If you can find the imperfect amp whose imperfections sound amazingly good to you, well then it is the perfect amp for you.
Assuming that imperfect sounds better to anyone (when tested double-blind), sure.
But trying to _sell_ "imperfect" as "better" is borderline fraudulant to my mind, yes say "coloured", "valve sound", anything that describes and admits the difference, but not "better" - that's a claim that would take some justifying!
Assuming that imperfect sounds better to anyone (when tested double-blind), sure.
Mark, revealing that position is the purpose of my philosophical question, to make starkly clear one's most important system objective. What is he primary purpose of one's home audio system? Does one most value musical satisfaction, which is the pursuit of an emotional goal, or parameter satisfaction, which is the pursuit of an intellectual goal. As engineers, we are often drawn to the Platonic ideal of perfection, to it's intellectual beauty. But we should ask ourselves, are the technical specifications a means, or are we treating them as an ends to themselves? For someone to value what their eyes read on some list of specifications, over what their ears experience them via the music itself would seem puzzling to me. Just to be clear, I'm not attempting to offend anyone, just a discussion of thoughts.
What's being overlooked, I suspect, by persons prioritizing the specifications sheet, is the full behavior the final link the the system chain. The human ear-brain element. What I'm suggesting is that a full inclusion of the ear-brain behavior is not sufficiently incorporated in a philosophy of pursuit of ever decreasing parametric errors uber alles.

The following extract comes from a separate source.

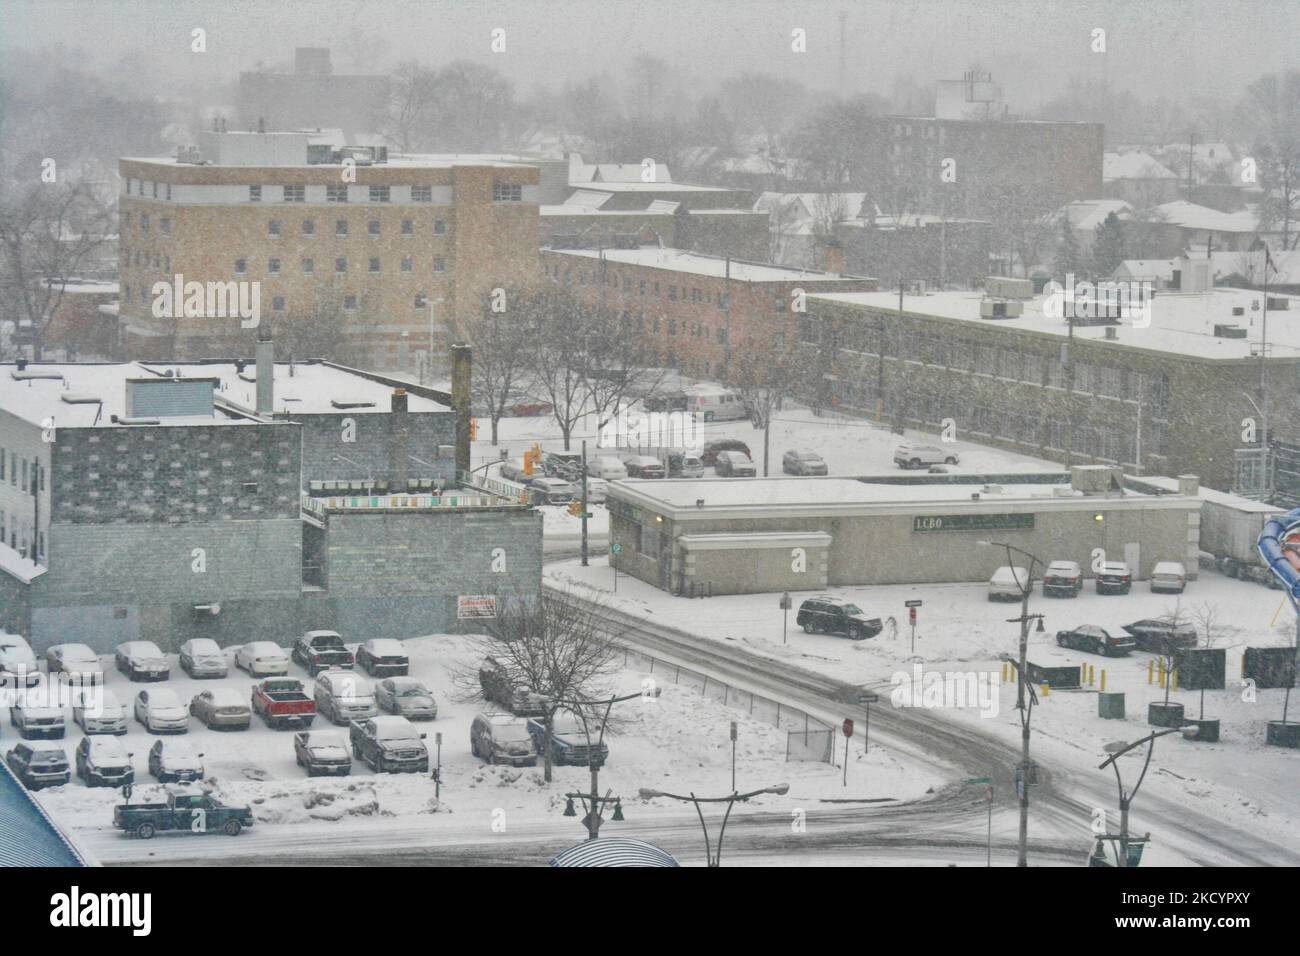 Am 3. März 2015 stürzte der Schneesturm große Mengen an Schnee, Schnee und eiskalten Regen auf die Stadt Windsor in Ontario, Kanada. Dieser Schneesturm warf zwischen 5-10 Zentimetern Schnee über weite Gebiete im Süden Ontarios. Der Schnee änderte sich später in eiskalten Regen, der mehrere Stromausfälle in der Region verursachte. (Foto von Creative Touch Imaging Ltd./NurPhoto) Stockfoto
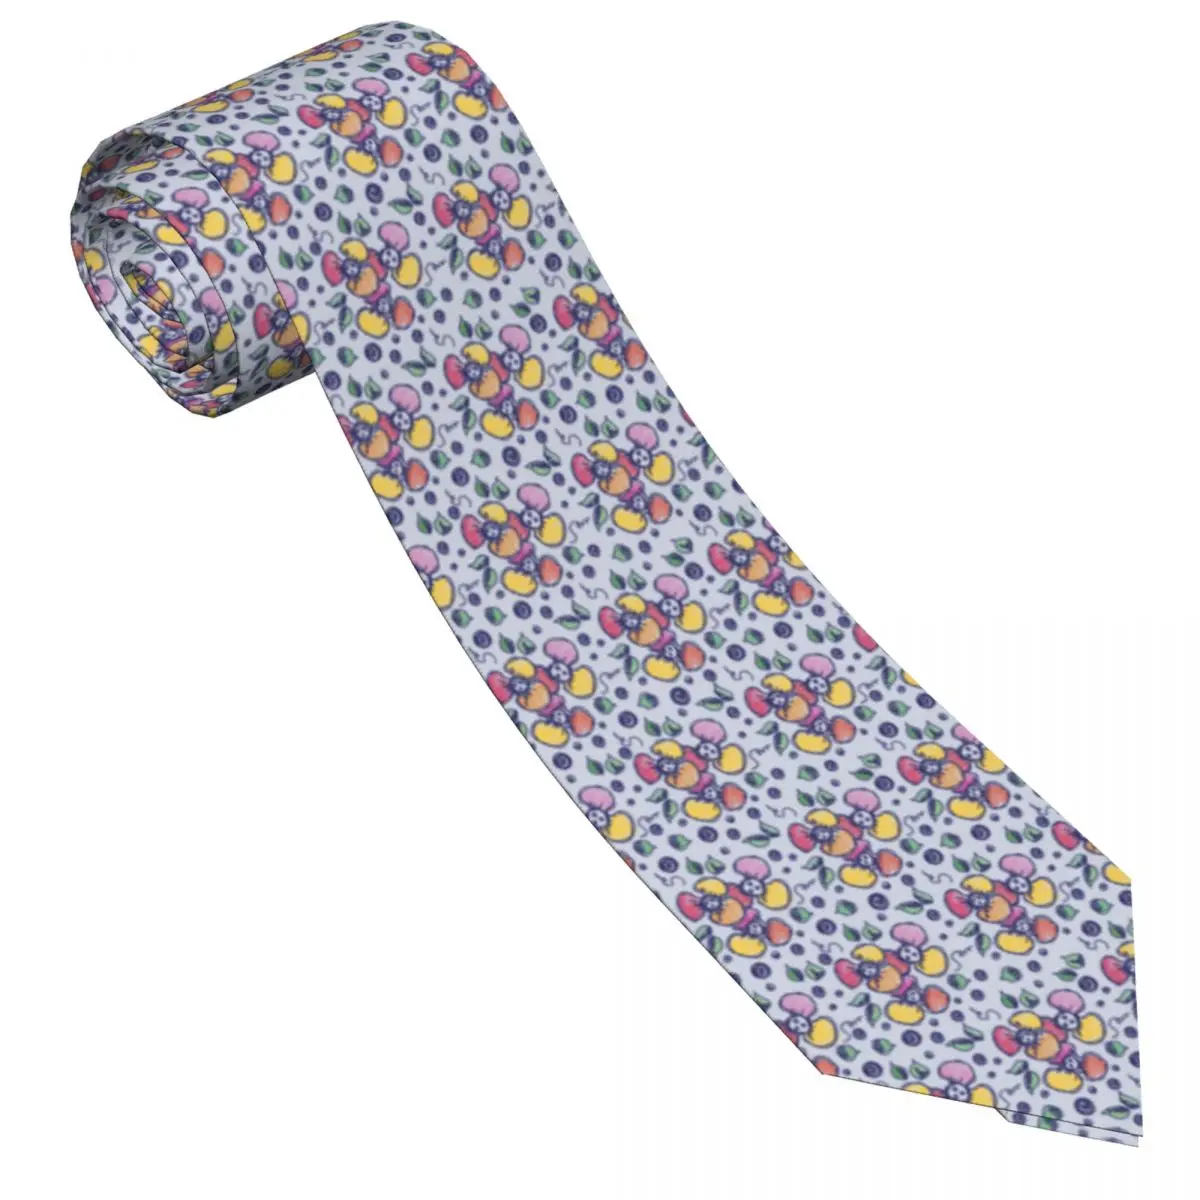 Галстук с яркими цветами, Милые листья в горошек, Милые галстуки для повседневной носки для взрослых унисекс, качественный галстук с воротником, Аксессуары для галстуков с принтом

As the ear-brain is an element in a holistic view of an home audio system, it's behavior cannot be slighted in properly defining the optimum behavior of the system's electrical parameters.
But trying to _sell_ "imperfect" as "better" is borderline fraudulant to my mind, yes say "coloured", "valve sound", anything that describes and admits the difference, but not "better" - that's a claim that would take some justifying!
We must be careful with semantics here. Whether a component is 'better' depends upon what the component is designed to deliver. Is it fraudulent for a vendor to claim that their component is better at musical satisfaction, while it exhibits measurably inferior parametric performance? Not necessarily, not so long as they aren't intentionally claiming parametric measurements which are plainly false. Those seeking minimal parametric errors can simply check the spec. sheet/measurements and avoid any component that doesn't provide what they are seeking. The task of shopping is certainly much easier for those prioritizing specification satisfaction over musical satisfaction. I've been suggesting that, indeed, certain 'imperfect' parameter behavior 'sounds better' (your words). More like real live music (my words).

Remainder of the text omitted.